What I came to realize was that too many marketers were wasting needless hours contemplating, studying and even structuring and massaging acquisitions that simply were not good fits.  Their desk was being cluttered by every Tom, Dick or Harry broker sending out multiple solicitations, so all of sudden growing marketers were faced with scores of opportunities.  The families would spend hours talking about deals, going around in circles.  I knew I needed to do something to get them clear and unstuck.

I’ve been a believer in rating matrixes, using them in credit and project prioritization for years.  So my solution to get them unstuck was to help each family create a rating matrix to filter acquisitions.  Since each company’s sweet spot and strategy is different, and strategy is fine-tuned and even redirected over time, each matrix is customized to exactly match what the company truly needs to catapult to the next level.  And best of all, you don’t need me to do it!  Here’s how…

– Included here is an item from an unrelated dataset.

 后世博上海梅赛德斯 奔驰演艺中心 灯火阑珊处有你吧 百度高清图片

First, in general, the components of the matrix should include preference in geography, sectors/specialties, size, business core values/culture fit, physical assets (with specifics), technology, and people assets (with specifics).  You can add or subtract, making the matrix fit your exact needs.

The act of purposefully creating the matrix as a family team allows for meaningful dialogue and unveiling of differing views and preferences.  The team approach gets those differences out on the table where they can be dealt with effectively and consensus and agreement built.  It’s far better for these discussions to happen in a board room building the matrix prior to any emotional pressure of an eminent acquisition while everyone still has cool heads!

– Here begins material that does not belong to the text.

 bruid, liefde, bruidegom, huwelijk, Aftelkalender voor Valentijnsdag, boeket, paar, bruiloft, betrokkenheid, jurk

For example, I was working with a family where suddenly a mixed wholesale and retail opportunity had presented itself through a broker.  This family had sold off some retail years before so was totally out of that sector.  While half the family loved the idea of a retail presence, the other half was not thrilled with going back into a situation with so many employees again.  This raised healthy discussion over the family’s objectives and different ways their volume and profit potentials could be achieved.

As the family gains clarity, I’m a stickler for including some sort of Return on Assets (ROA) component.  Any acquisition should incrementally add to ROA and not dilute.  I’m not opposed to buying distressed situations, but the forecast must show the end result increases the overall ROA on the combined operation.  If the acquisition lowers the ROA, the acquisition will effectively lower the overall value of the family’s holdings, making their pre-acquisition assets LESS valuable than before the purchase.   Obviously, this defeats the objective of creating family wealth!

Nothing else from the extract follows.